Barkin notes that the changes announced by Scholz were in part a reaction to the overwhelming pressure his government had come under—both within Germany and among Berlin’s closest allies—after weeks of what appeared like foot-dragging. “But the pressure alone does not explain the measures Scholz announced, which go far beyond what anyone could have expected from a politician known for his Hanseatic reserve.”

What Scholtz told his fellow Germans was that Germany must pay an economic price to defend its interests and values, and that it cannot continue to behave as a larger version of Switzerland in a world in which systemic rivalries and great power competition have resurfaced.

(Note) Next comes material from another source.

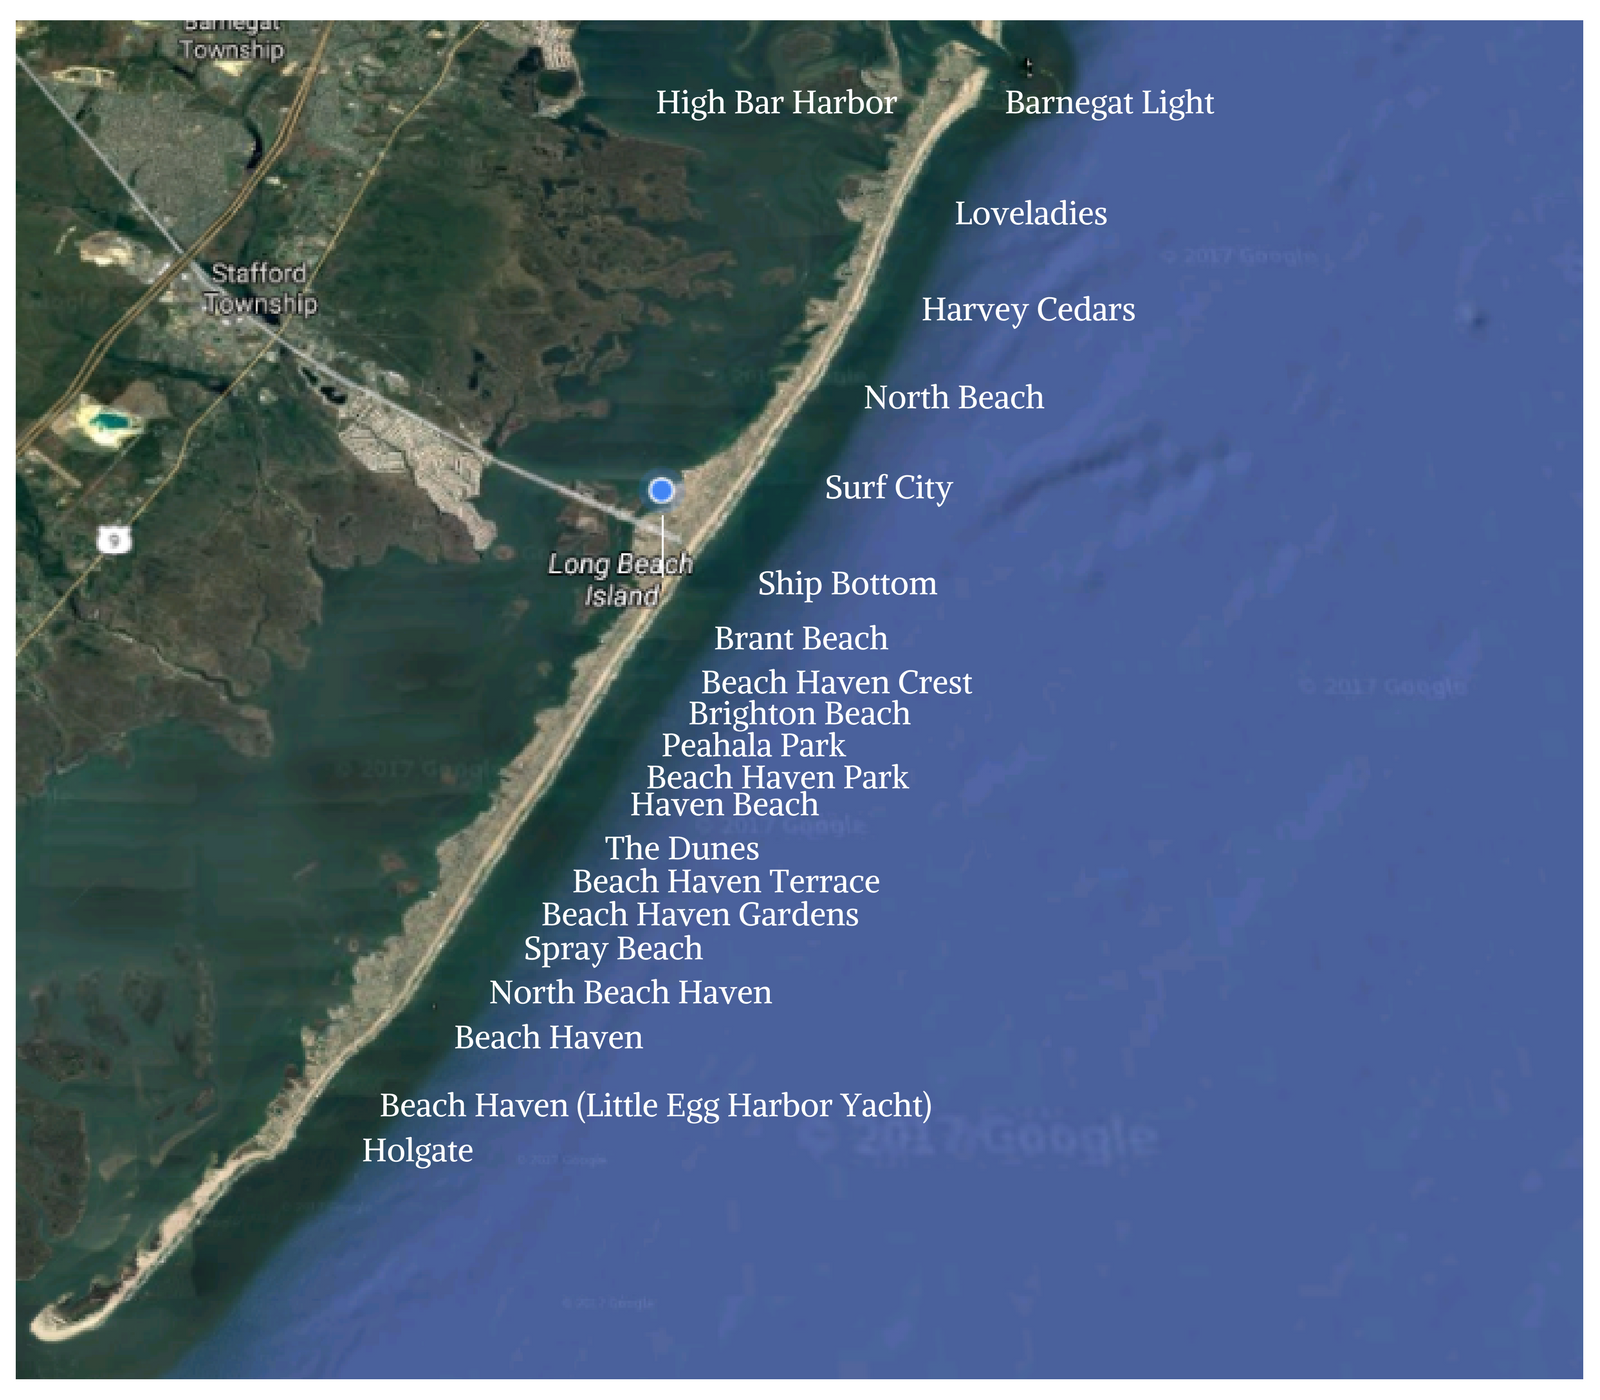 Island Beach State Park Nj: Jersea Realty LBI Homes -Long Beach Island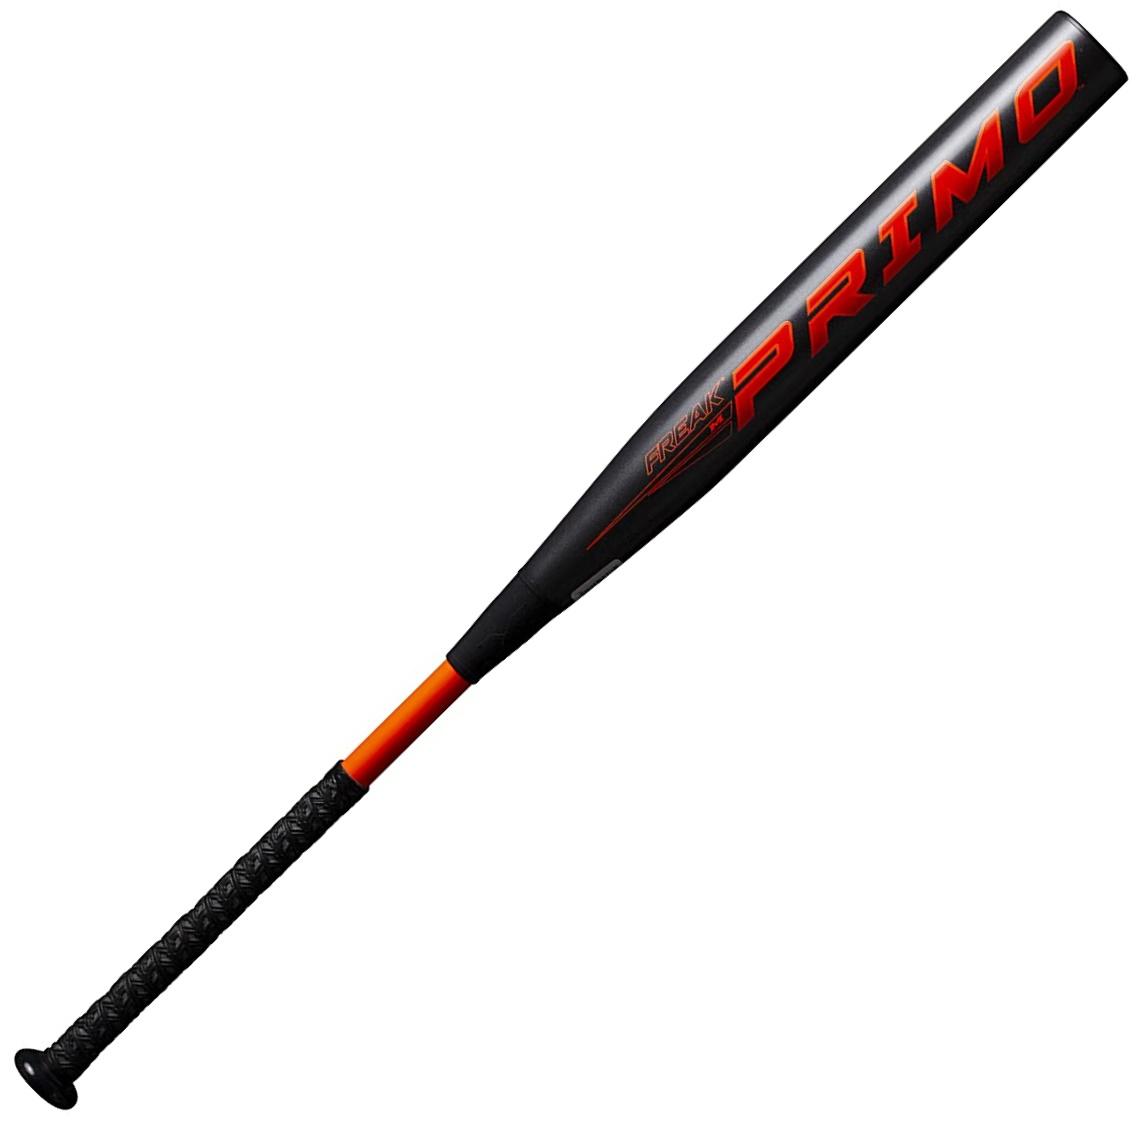 miken-freak-primo-14-usa-asa-maxload-slowpitch-softball-bat-34-inch-30-oz MP21MA-3-30

There are many questions which Germany will have to answer, among them the nature of its relationship with China, the role of the emerging Franco-German joint military force, and more.

But whatever decisions Germany makes, it will make them with a new mindset, liberated from the limitations and constraints it had imposed on itself more than seventy years ago.

“We are entering a new era,” Scholz told the Bundestag. “And that means that the world we now live in is not the one we knew before.”

Scholz spoke in German, but his words made me think of the words of Abraham Lincoln on 1 December 1862, in his Annual Message to Congress:

The dogmas of the quiet past are inadequate to the stormy present. The occasion is piled high with difficulty, and we must rise with the occasion. As our case is new, so we must think anew, and act anew. We must disenthrall ourselves, and then we shall save our country.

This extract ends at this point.